⟨

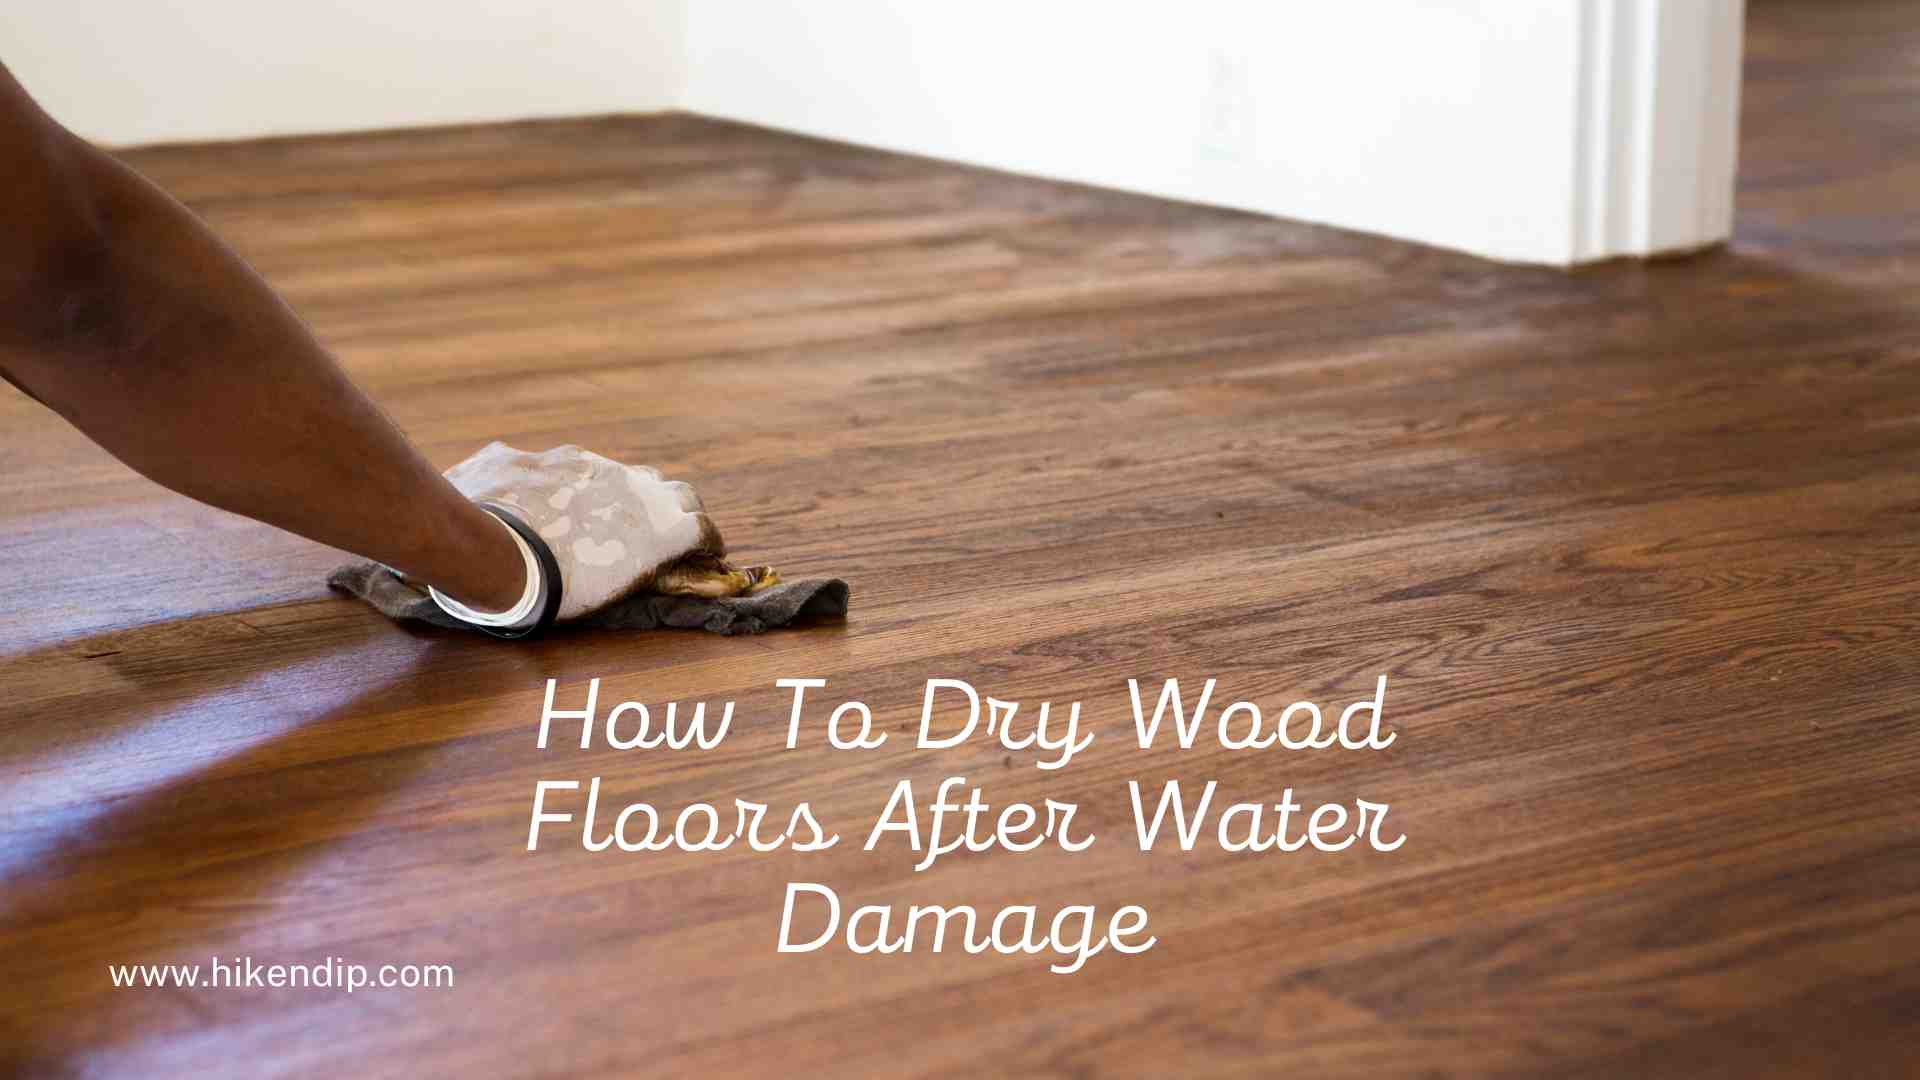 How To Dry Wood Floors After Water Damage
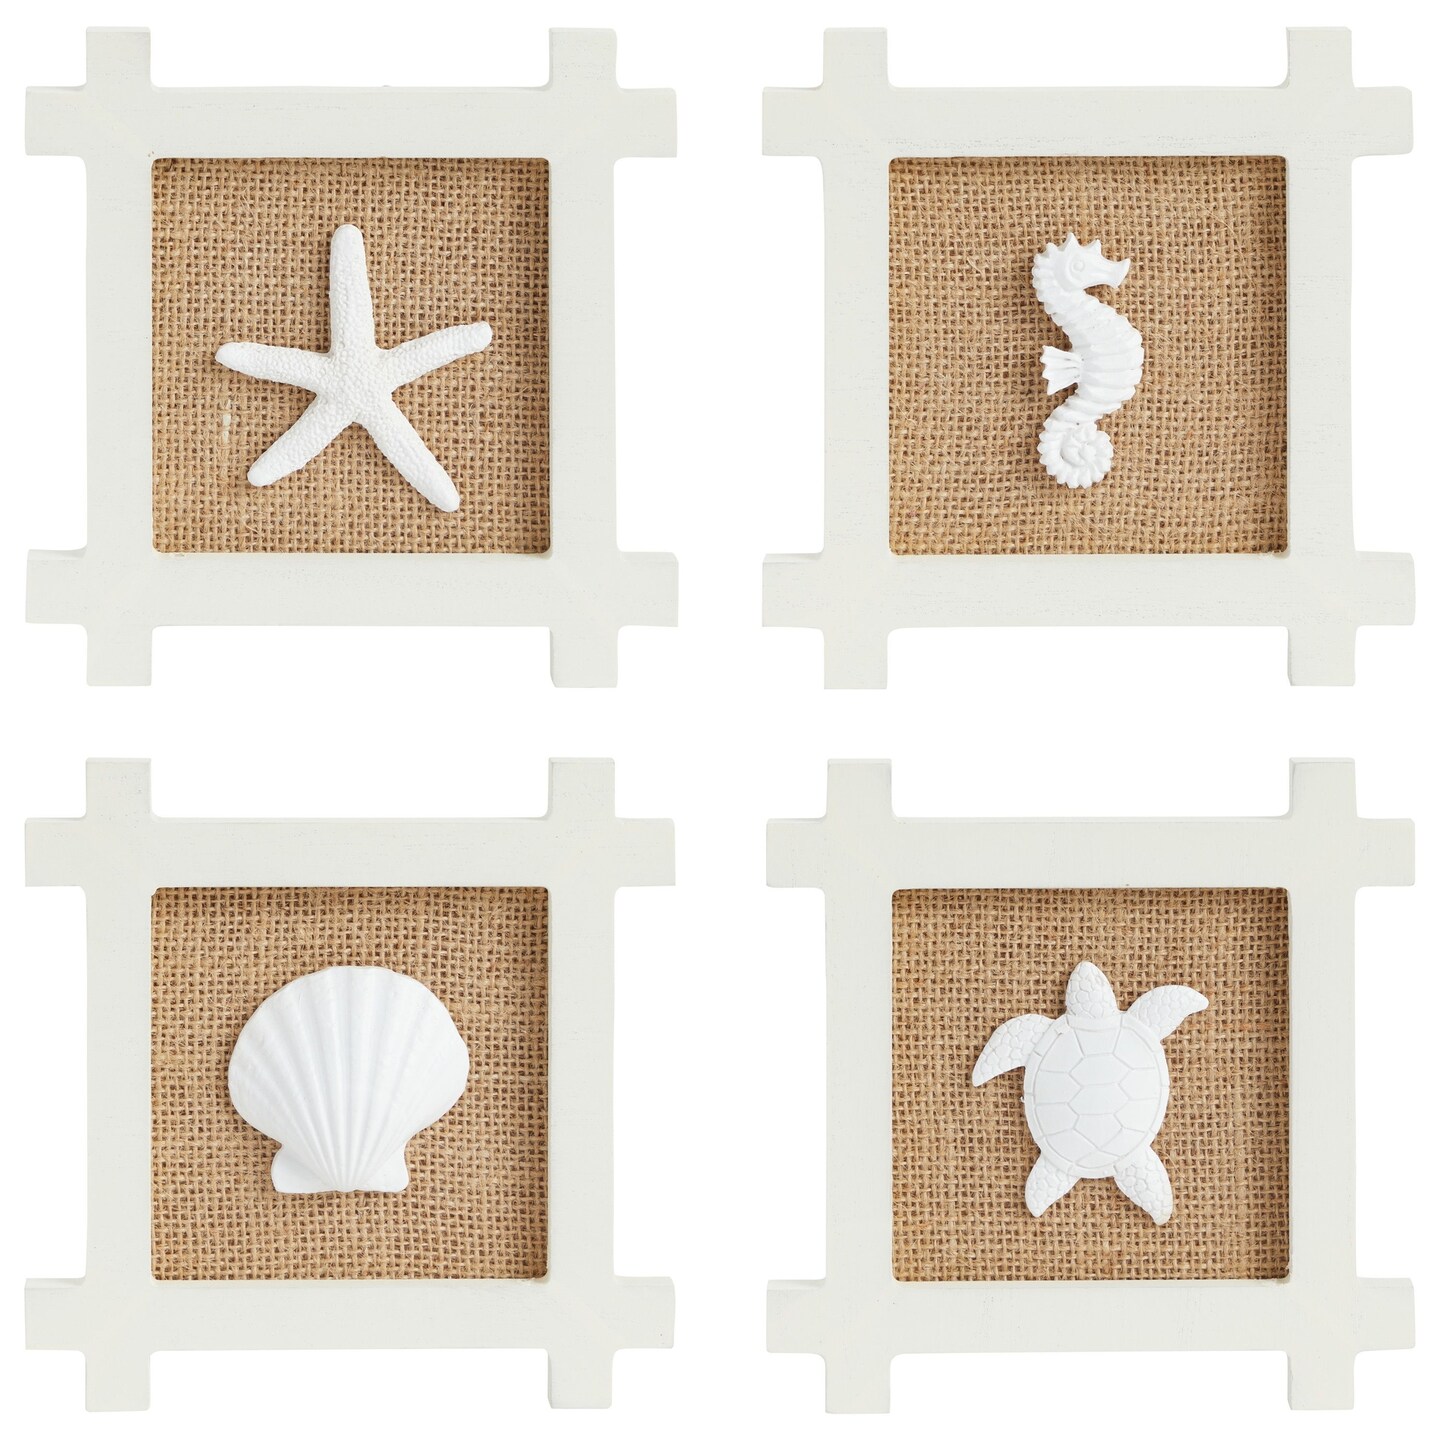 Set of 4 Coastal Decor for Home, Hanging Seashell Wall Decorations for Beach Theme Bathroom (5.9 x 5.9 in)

⟩
⟨

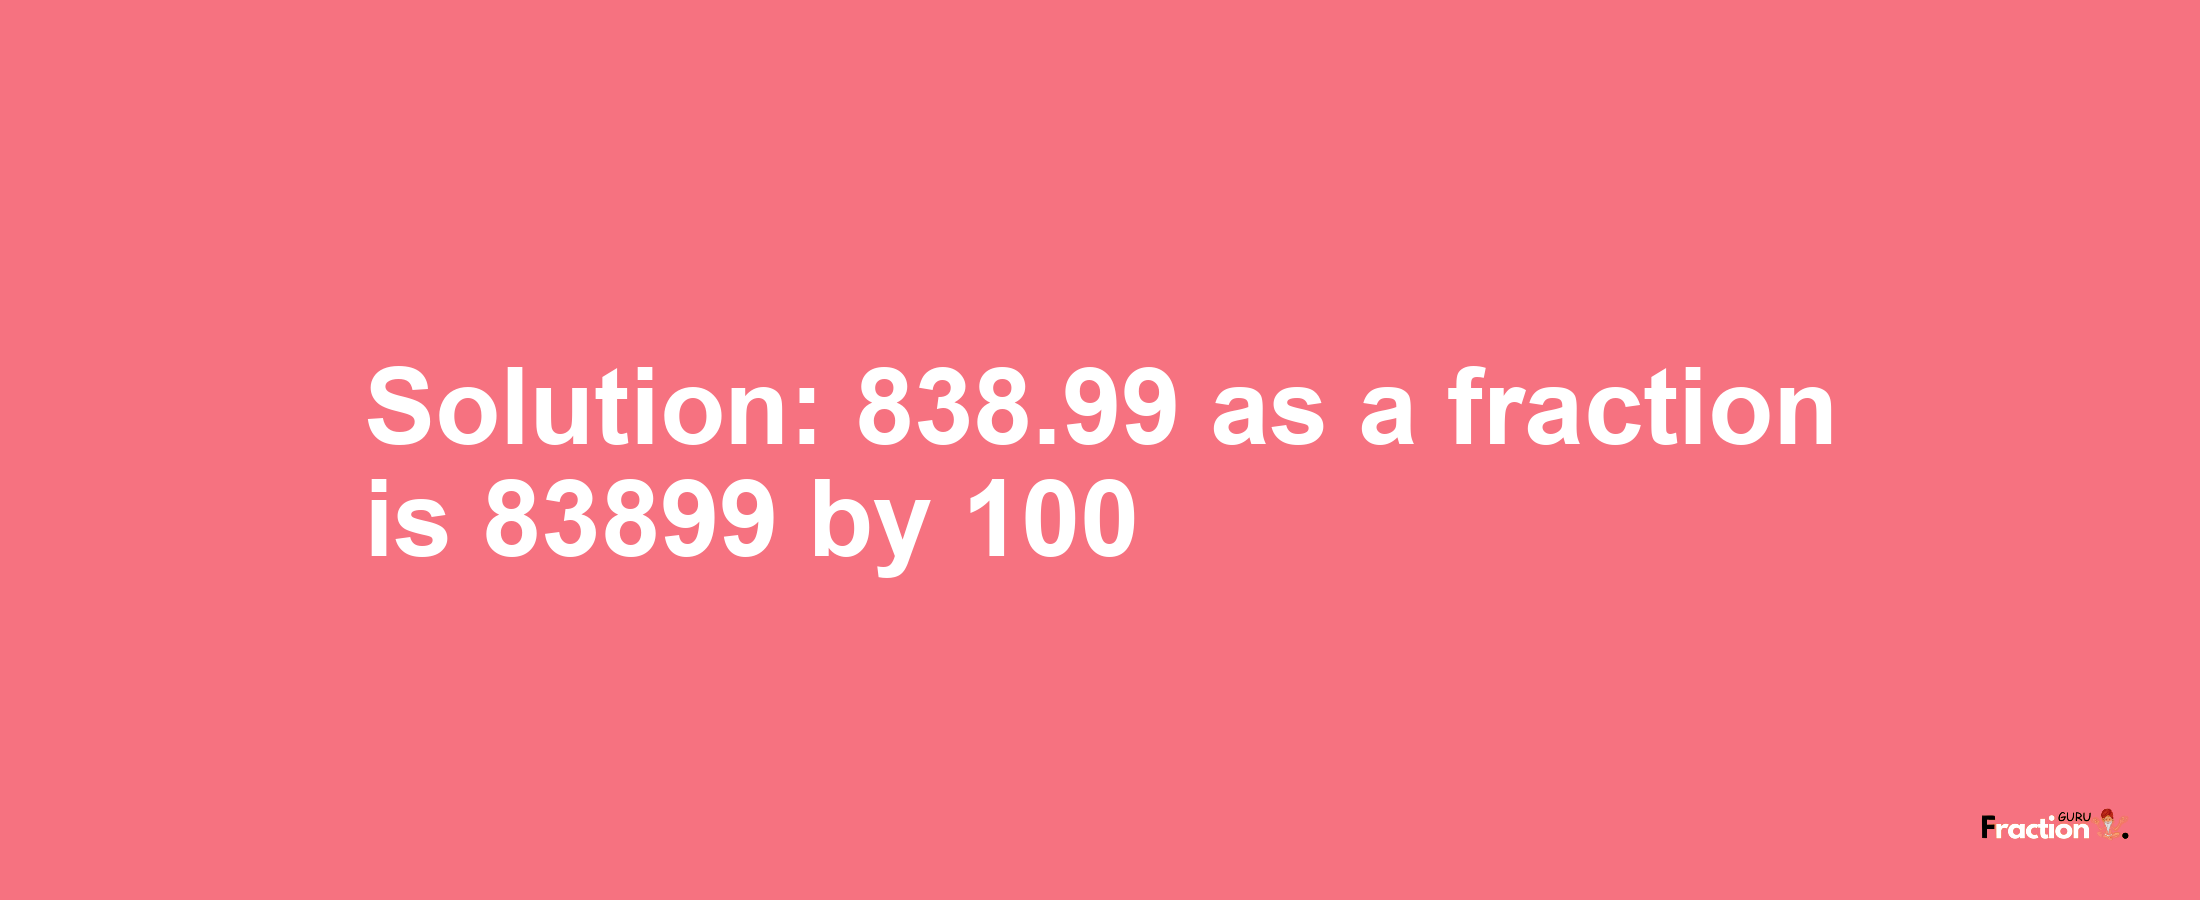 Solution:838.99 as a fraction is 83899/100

⟩

__Work required__. When you reach the line that has "How To Dry Wood Floors After Water Damage" in the data above, start repeating lines exactly, and stop after the line that has "Set of 4 Coastal"; pictures stay out.

__Expected output__.
 How To Dry Wood Floors After Water Damage
 Set of 4 Coastal Decor for Home, Hanging Seashell Wall Decorations for Beach Theme Bathroom (5.9 x 5.9 in)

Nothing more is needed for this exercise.